There is also a project (probably many) for managing patches and/or issues in
a git repository, but I can't find any links to it right now (can't access my
github stars...)

Edit: there is also a alternative to git that has much of the same
functionality of github embedded in the SCM itself, Fossil.
[https://www.fossil-scm.org](https://www.fossil-scm.org)

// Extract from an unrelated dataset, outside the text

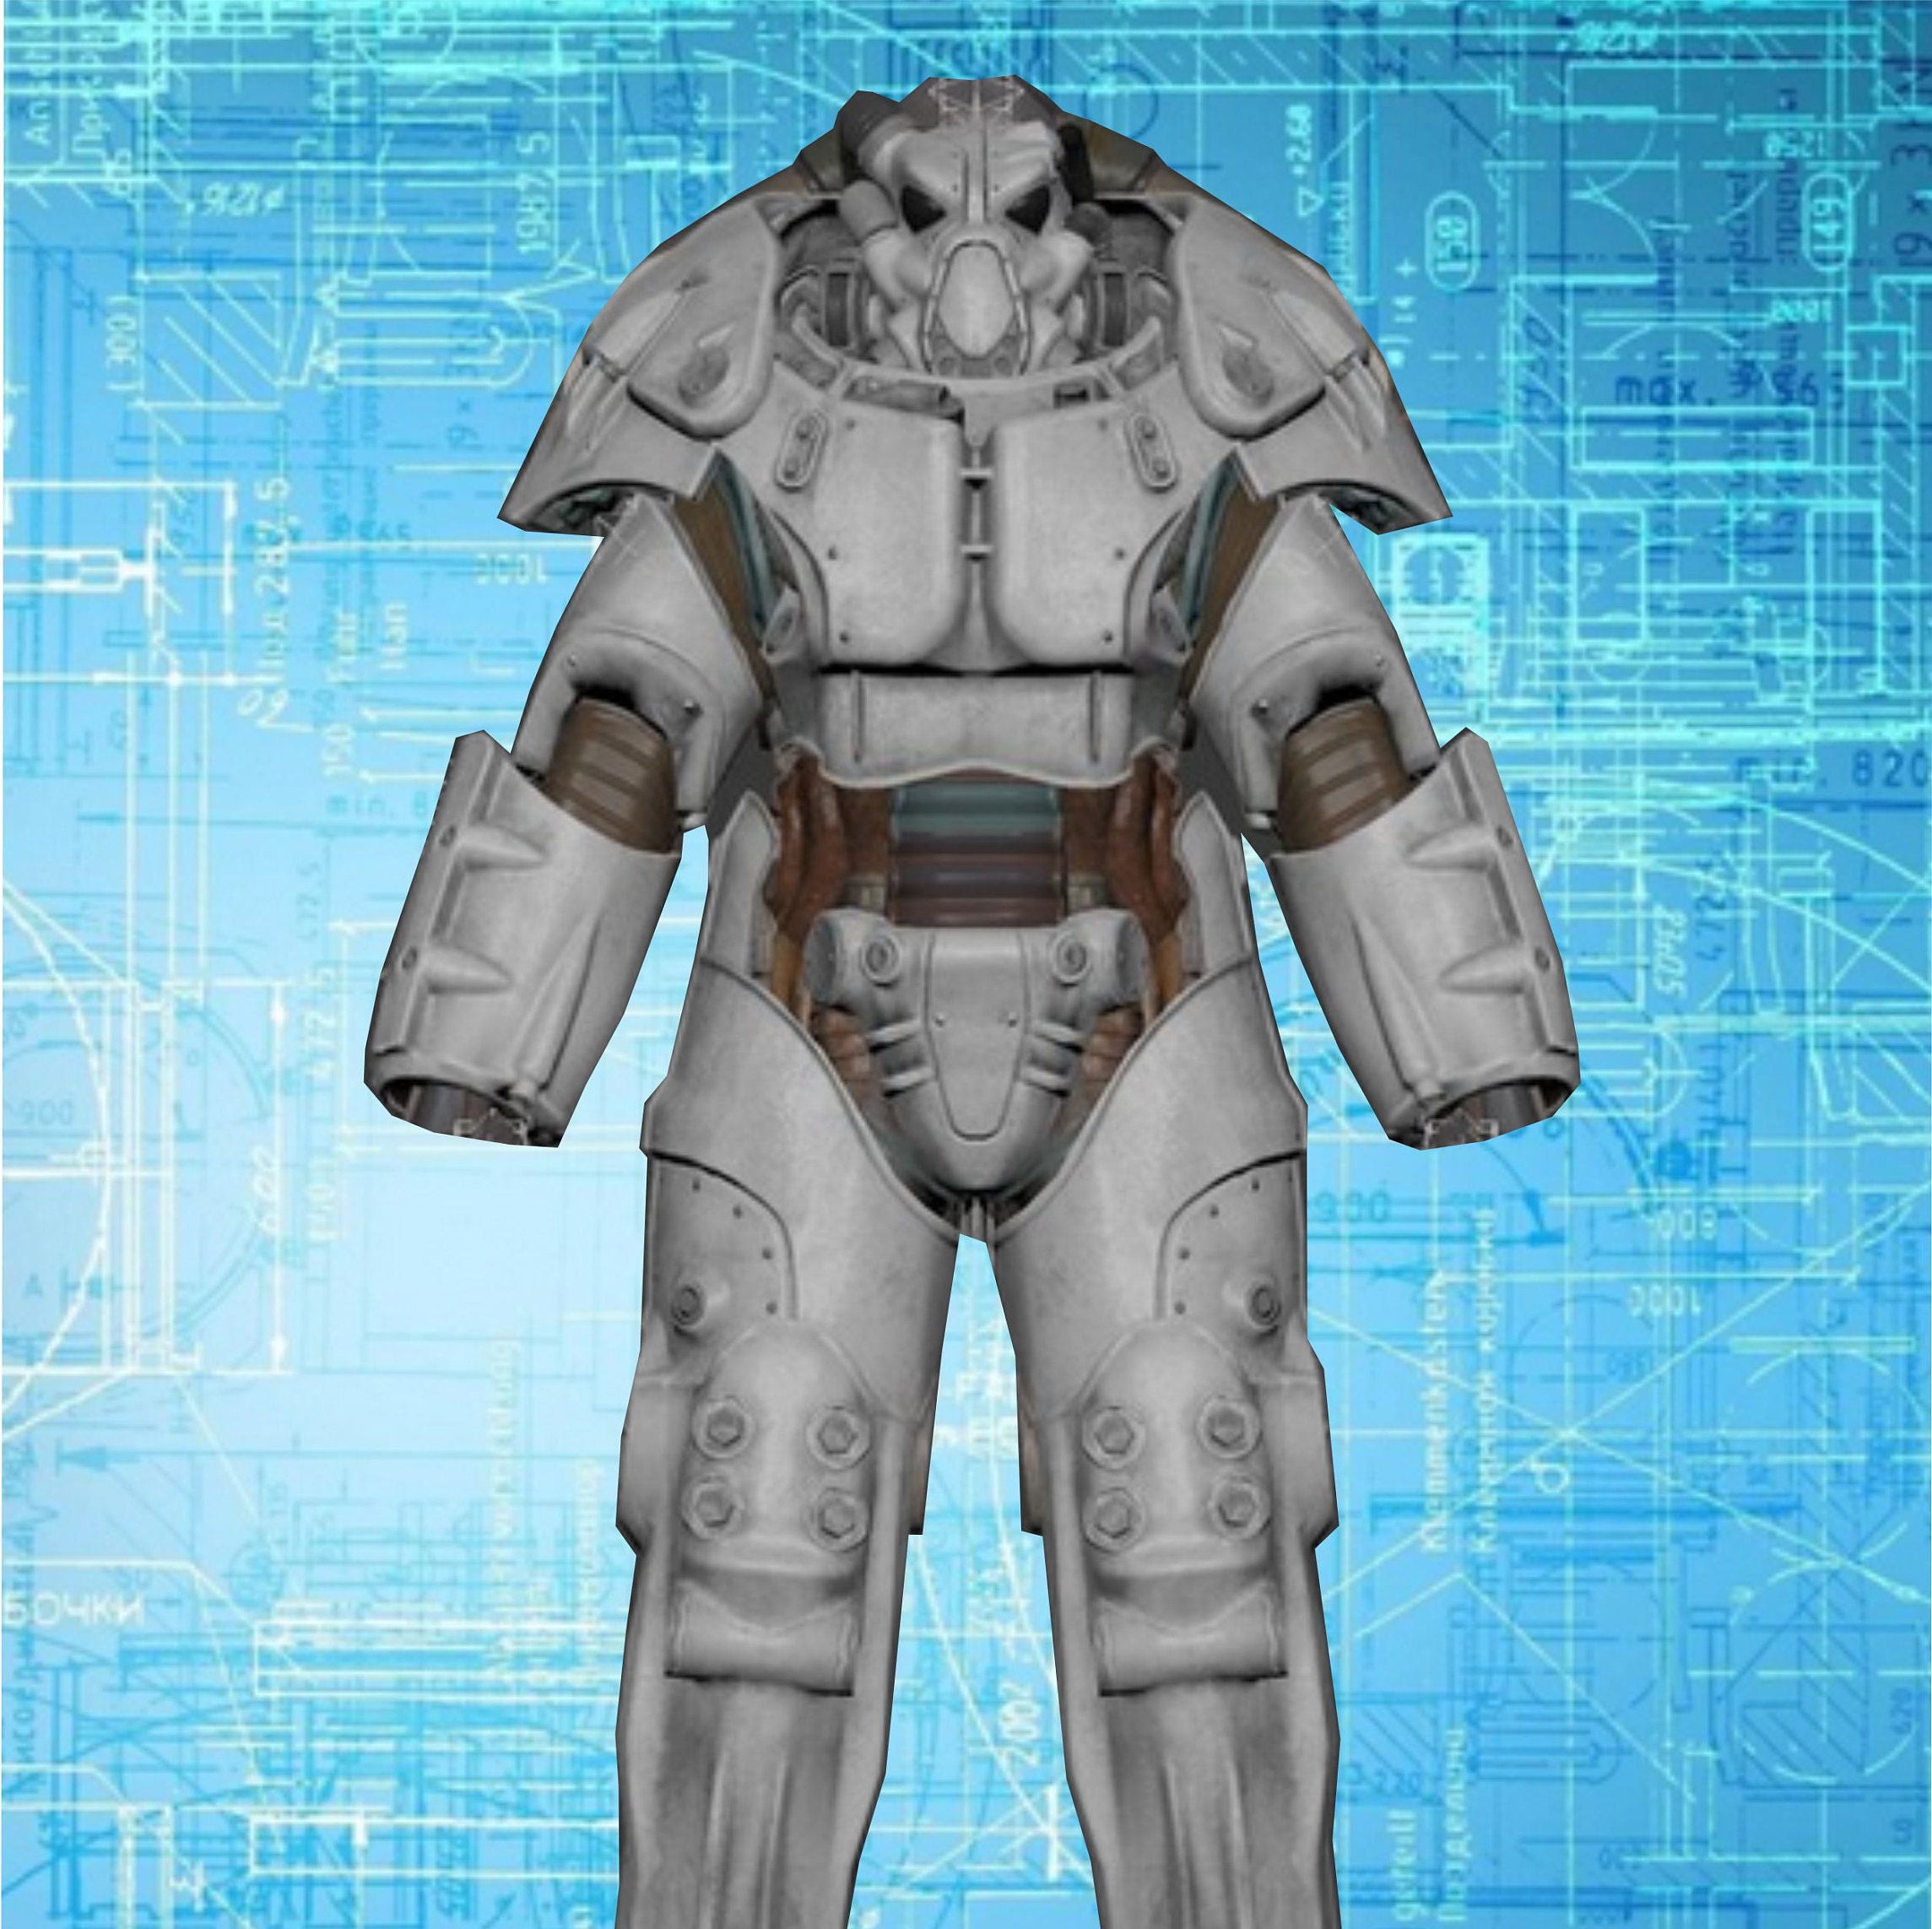 Fallout 4 X-01 power armor blueprints for EVA Foam build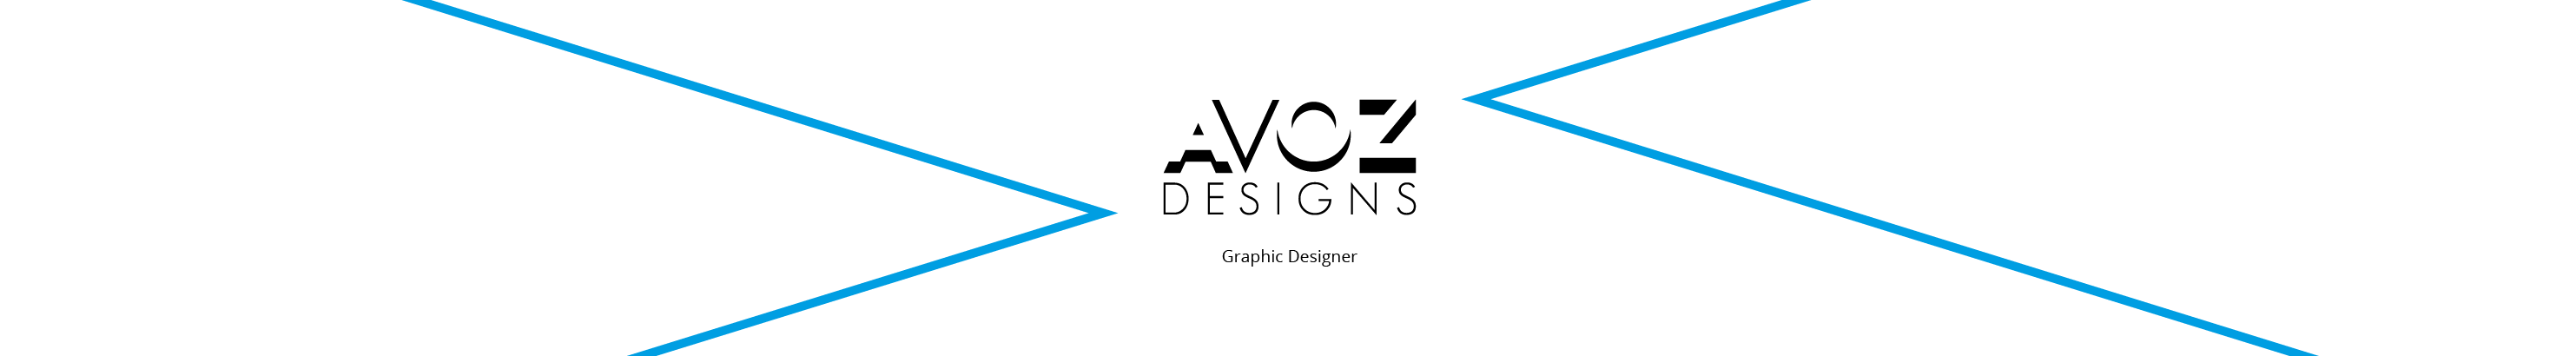 Avoz Designs's profile banner

Edit2: GitHub back, think the project I was thinking about above was
[https://github.com/MichaelMure/git-bug](https://github.com/MichaelMure/git-
bug) which describes itself as "Distributed bug tracker embedded in git"

------
holstvoogd
[https://www.githubstatus.com/](https://www.githubstatus.com/) says 'Partially
Degraded Service'

Guess that the only bit that has not degraded is rendering the 500's >_<

------
anticensor
They might be preparing Github for Windows open source.

------
import
Down from NL. Github status page says "Partially Degraded Service". But no ETA
and no explanation. Time for long coffee break.

------
sciurus
Nothing at [https://www.githubstatus.com/](https://www.githubstatus.com/)

------
mitchhentges
It's happy again, that was stressful for a second

------
prabhjeetsingh
is it showing error 404? not down. data is in the repository check there.

------
jontro
Down for me now. In sweden too

------
pawelduda
down in Poland, the website doesn't work, neither does the repo via ssh

------
jmarneweck
Down in South Africa.

------
masternda
Same here in Paris

------
vlaaad
Same, also Sweden

------
milkers
Same from Turkey.

------
nocubicles
Down in Estonia.

------
elena_di
Down in Bulgaria

------
dudod
Ukraine too :(

------
tin-foil-hat
Same from UK

------
federiconbo
Coffee time

------
blankton
germany too

------
leicester
Down

------
xh3n1
same here :/